In many instances, the actual product or service doesn't make or break a sale. It is the client's subjective view of what the proposed change will do for them. Once that is established and accepted, discussions about price, exact technical specifications and so on become secondary concerns.
To achieve this, the seller has to listen more and talk less. Salespeople are generally guilty of doing the exact opposite. They forget that having two ears and one mouth is a clue to how to proportion their time when with customers.
Rather than rattling off product features and talking at a mile a minute, they need to strike a balance between getting and giving information. The more they listen, the easier it becomes to understand what the client wants and, if necessary, to read between the lines as well.
It will become clear that the motivation to buy is usually determined by three factors: discrepancy, importance and problem solving.
The first occurs when clients perceive a gap between their companies' position and where they want to be. That is a catalyst for change, and the salesperson's goal is to listen well enough to understand all the whys and wherefores. Any indication of discrepancies is a chance to sell, and even a standard opening question such as, "how's business?" can spark a reply that immediately points the way.
An effective salesperson should also be able to discern the level of importance a client attaches to different areas and priorities. Every company has known challenges that no one gets too excited about, and others demand more urgent attention because of their possible impact on business efficiencies or the bottom line.
To gauge the relative importance of various issues, the salesperson should make sure to ask, "when?" The answers to that question will make it easier to see where priorities really lie and, consequently, in which areas sales are most likely to be agreed.
Thirdly, business is all about solving problems. As a result, individual decision makers are more inclined to buy when they are in one of two modes - growth or trouble. The fact is, though, that by a broad definition most companies are either growing or in trouble most of the time. One year they may be failing to meet revenue targets and looking for new efficiencies. The next they will be investing in expansion and planning again to launch new products or services.
Needs and priorities will change accordingly, but in either case the astute salesperson will find chances to sell. To take an easy example, one year the advice may be on outsourcing and cutting costs; another, it could be consultancy services on entering new markets or hiring additional staff.
The ultimate goal of any sales process is to create a satisfied customer and generate profitable revenue - the classic win-win situation. It is worth remembering that within this framework there are endless variables and no absolutes. Sometimes, what constitutes a win can be based on narrow criteria and personal considerations.
An operations manager, for example, may be under intense pressure to hit an annual production target. Or a director of information technology may need to get a new system up and running within three months.

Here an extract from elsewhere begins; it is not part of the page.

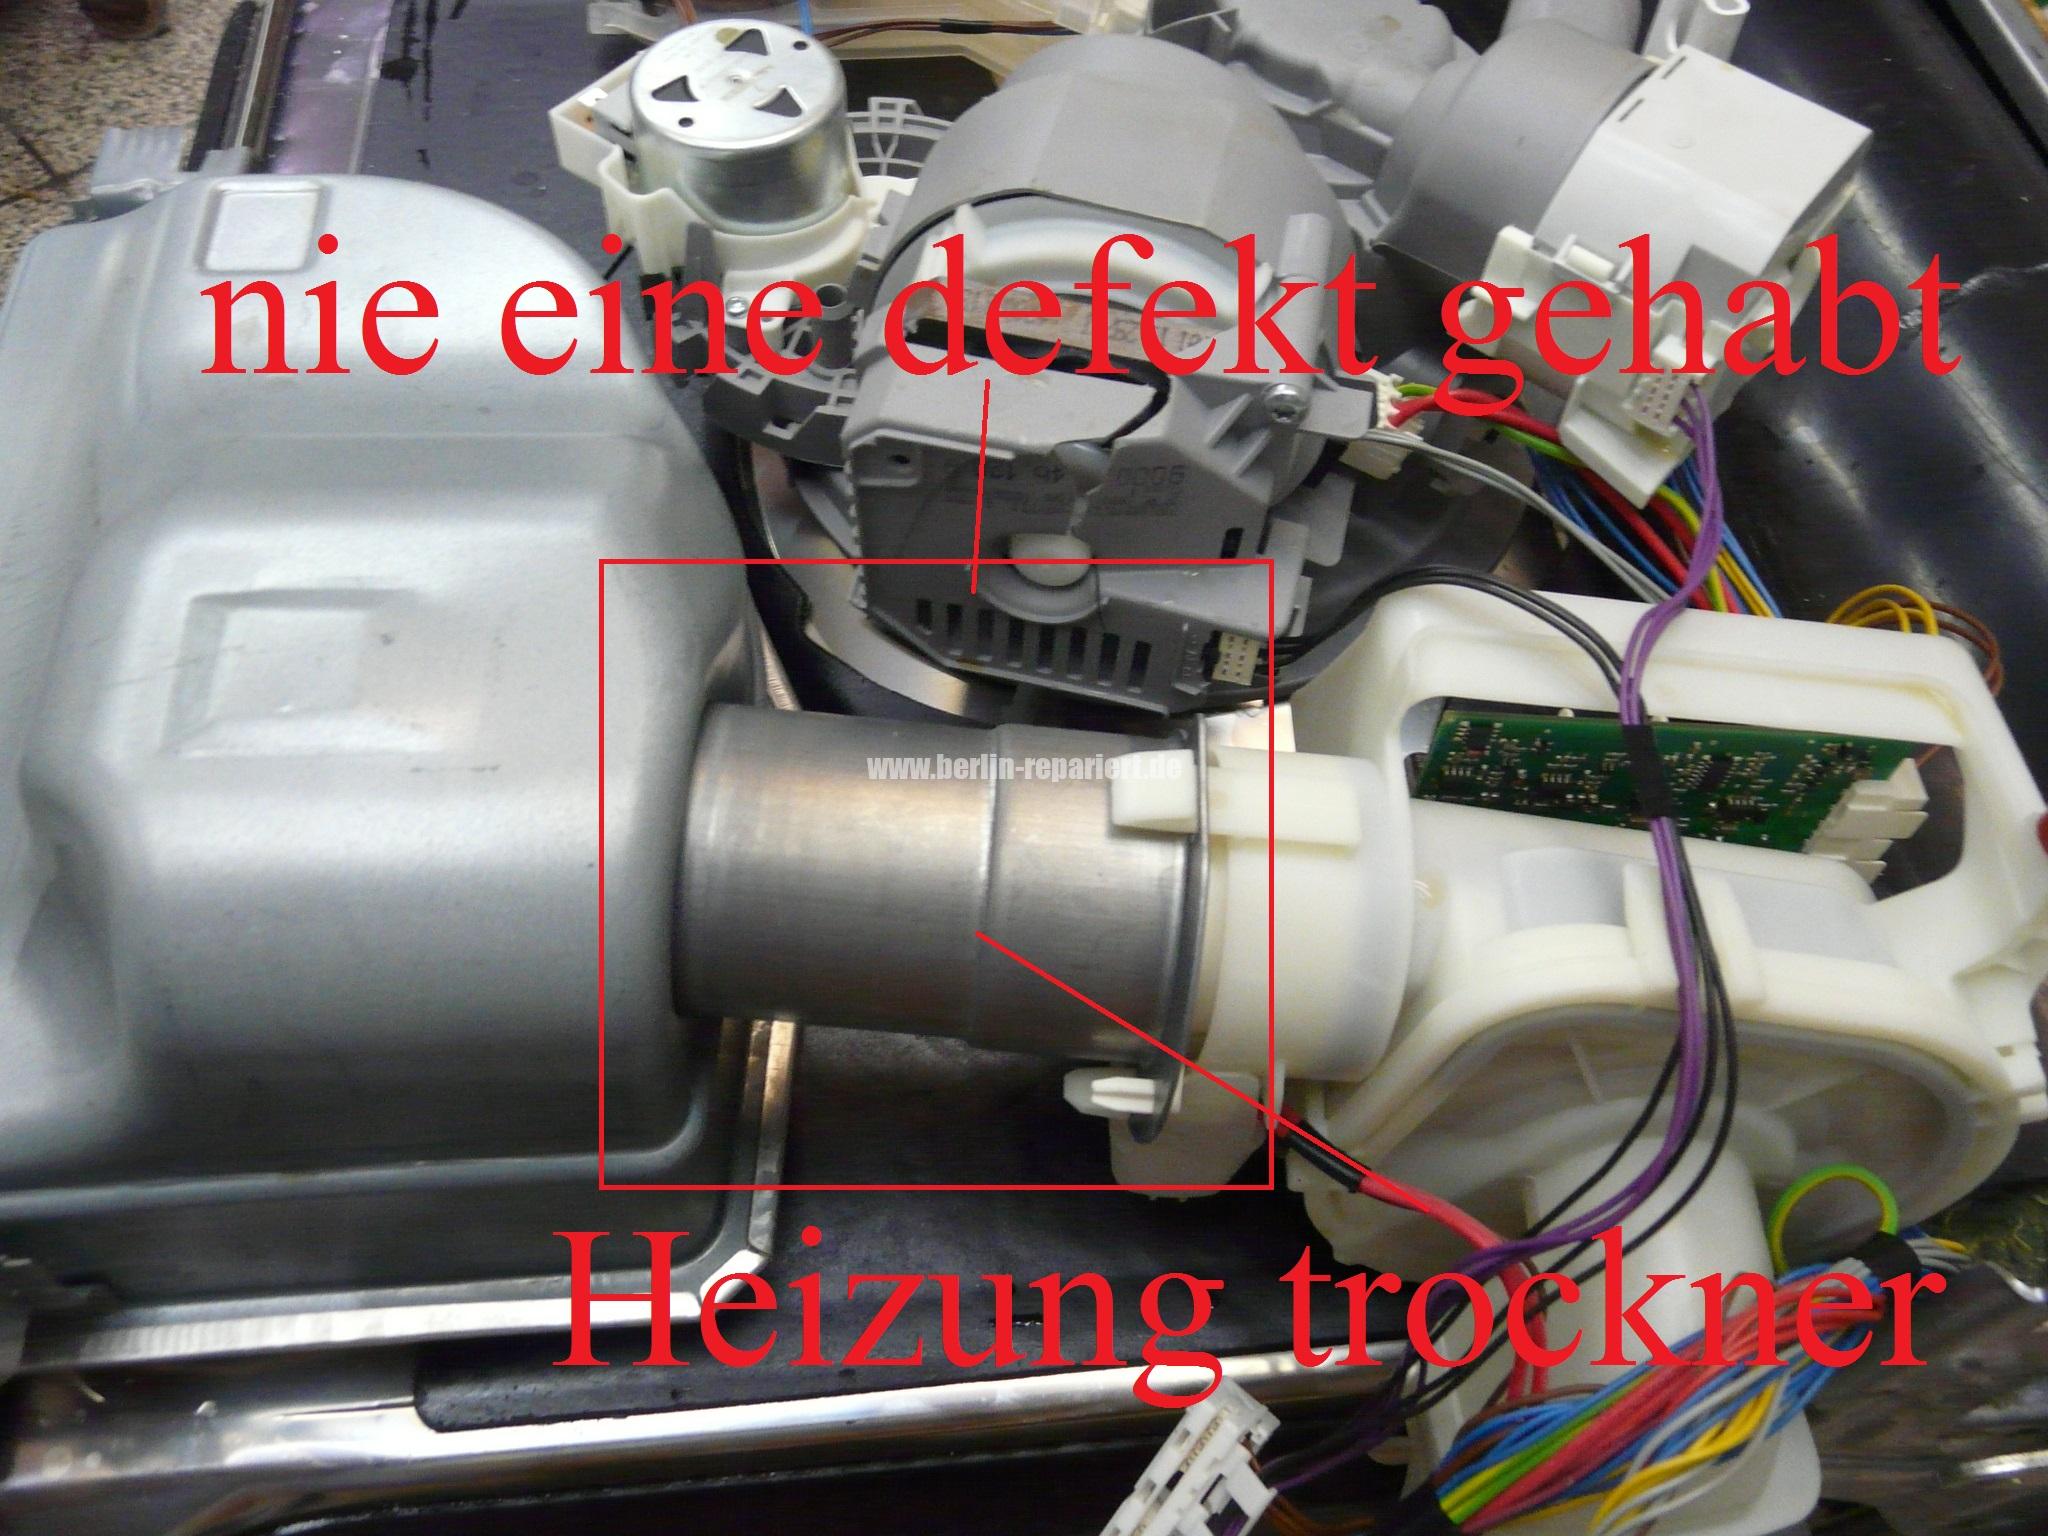 Bosch Ölbehälter für Düsenprüfgerät EFEP 60H inkl. Filterelement
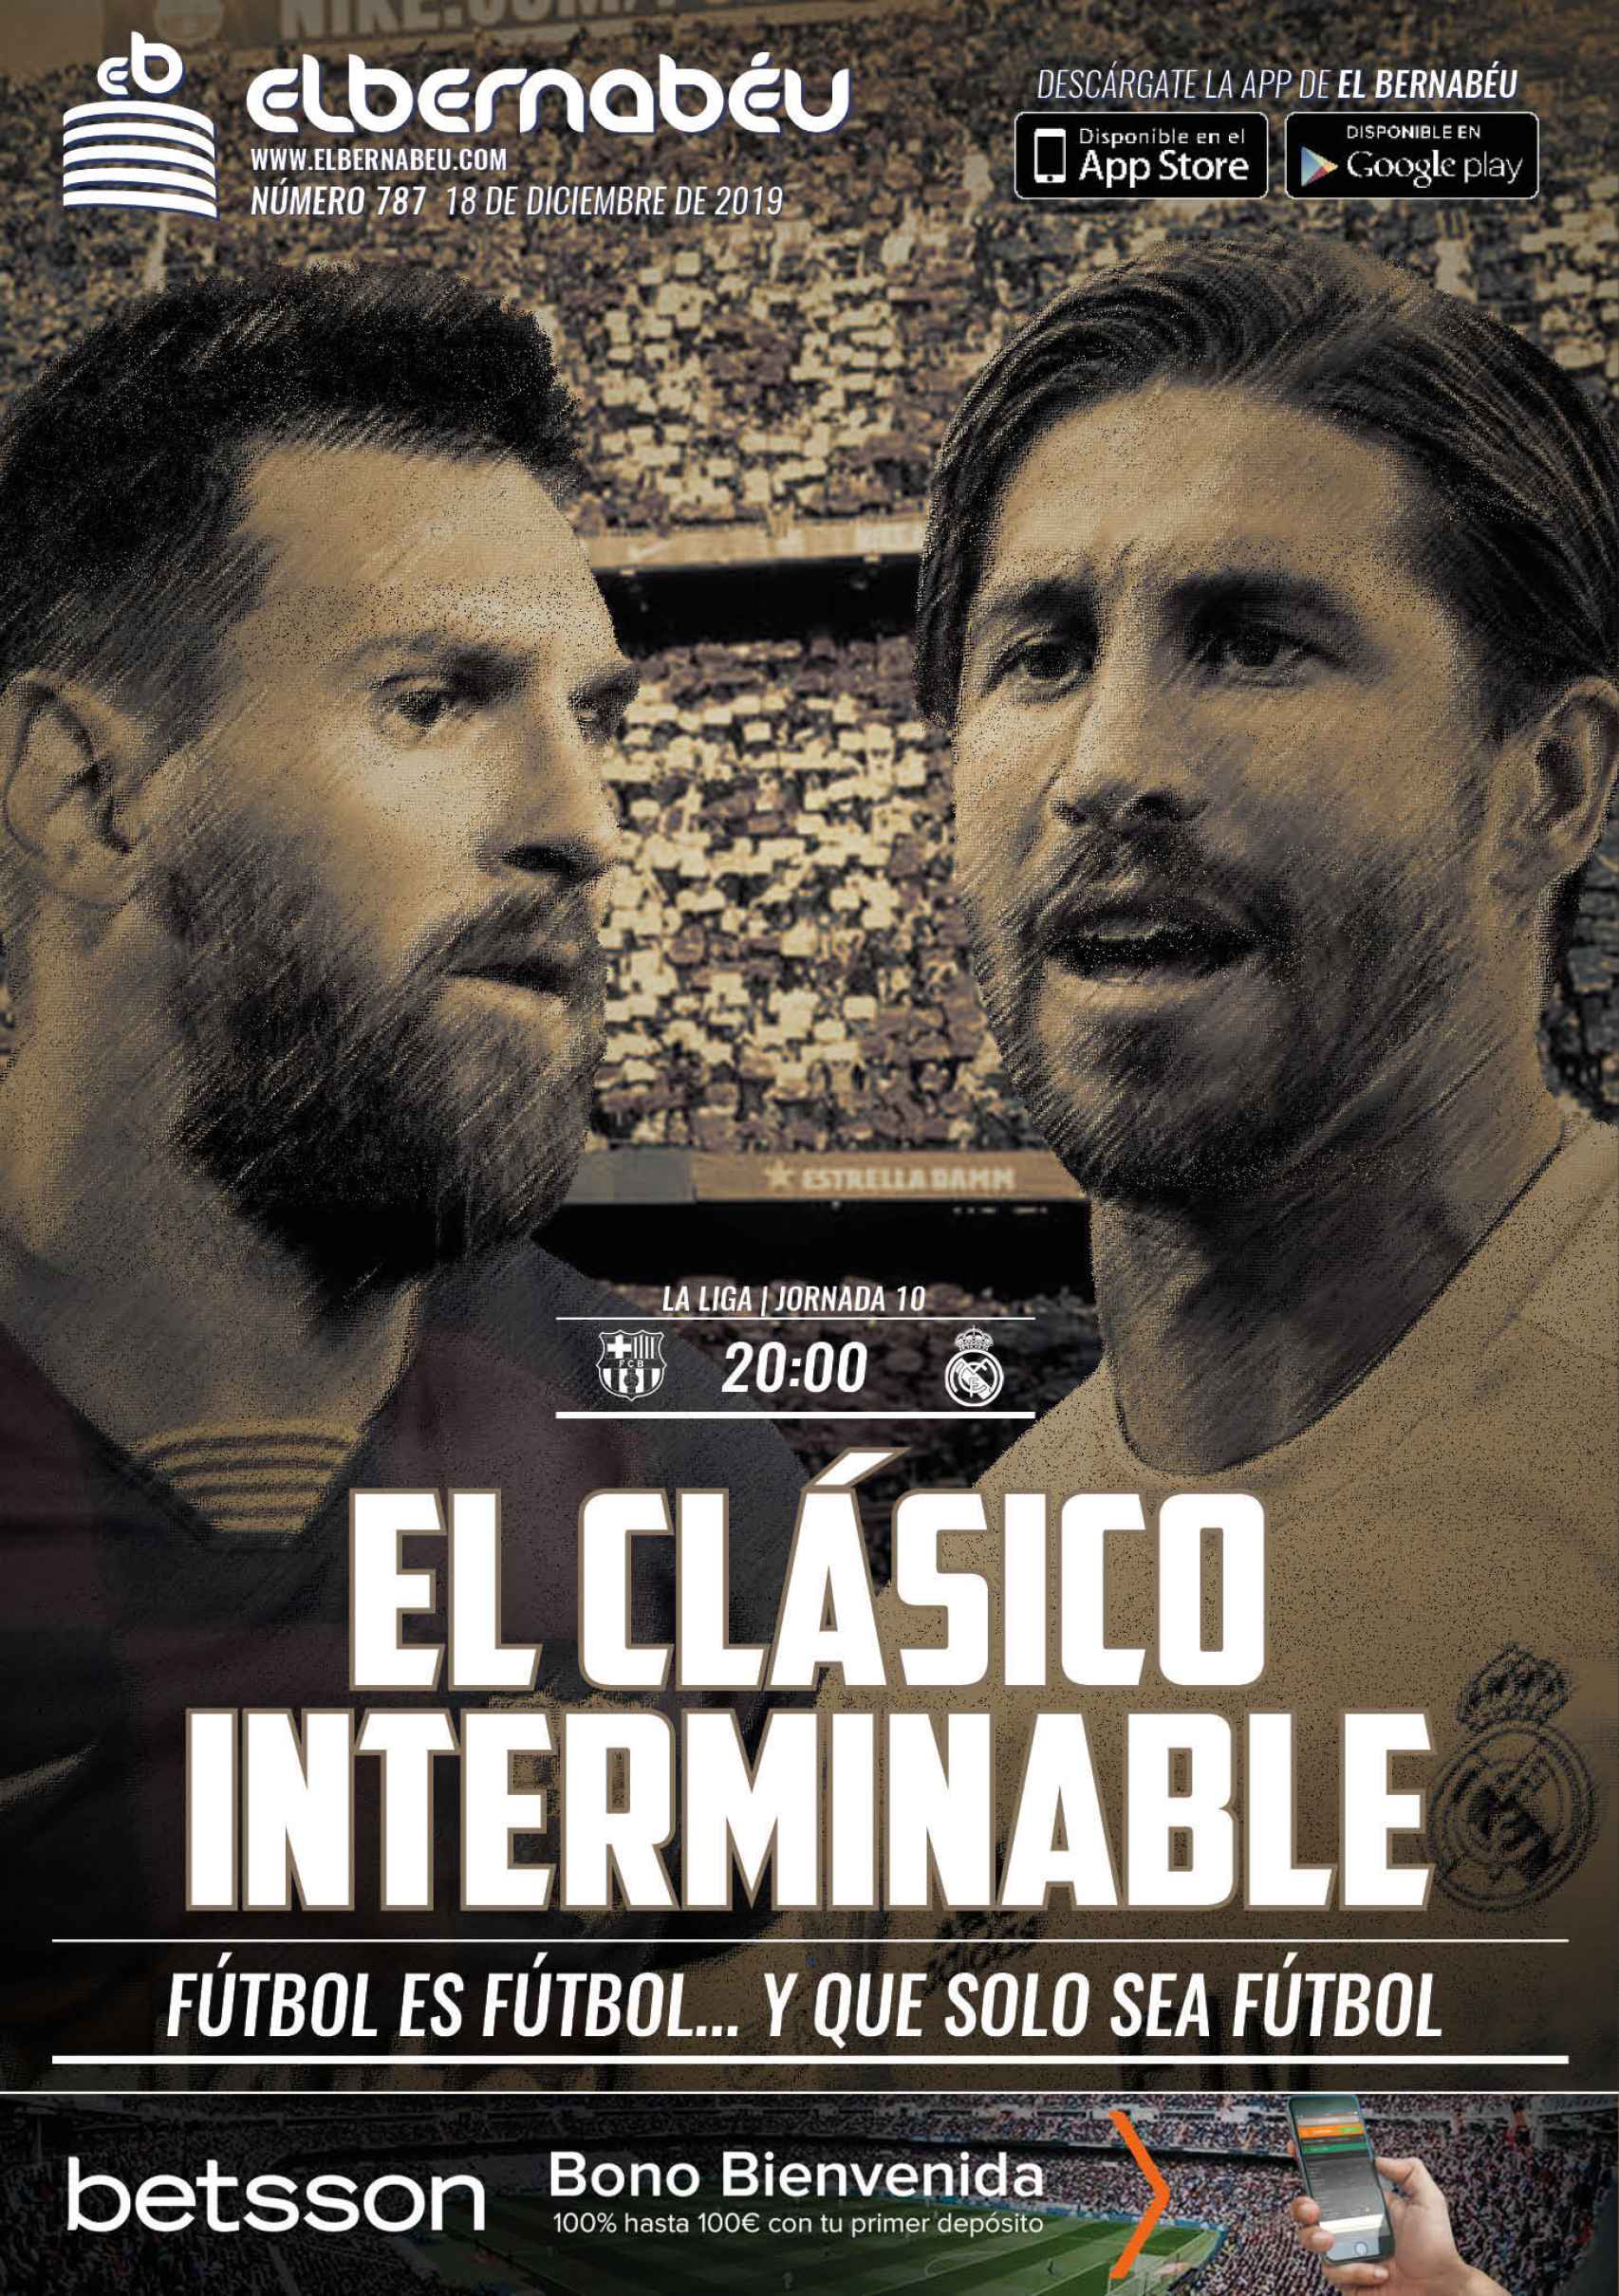 La portada de El Bernabéu (18/12/2019)

A good salesperson will be sensitive to these factors, while also realising that they can and will shift as individuals come and go and corporate policies shift in line with the wider economy. The important thing for long-term sales success is to deal with realities, not assumptions, and to keep adapting. In that way, the concept of consultative selling will really mean something. It will be possible to sustain successful partnerships by meeting changing needs and remaining on the same page as the client.
Guy Fraser is associate director, Miller Heiman, at MDS. Miller Heiman is a provider of sales performance training. MDS delivers executive coaching and leadership training in Hong Kong and on the mainland, and distributes for Miller Heiman in Greater China.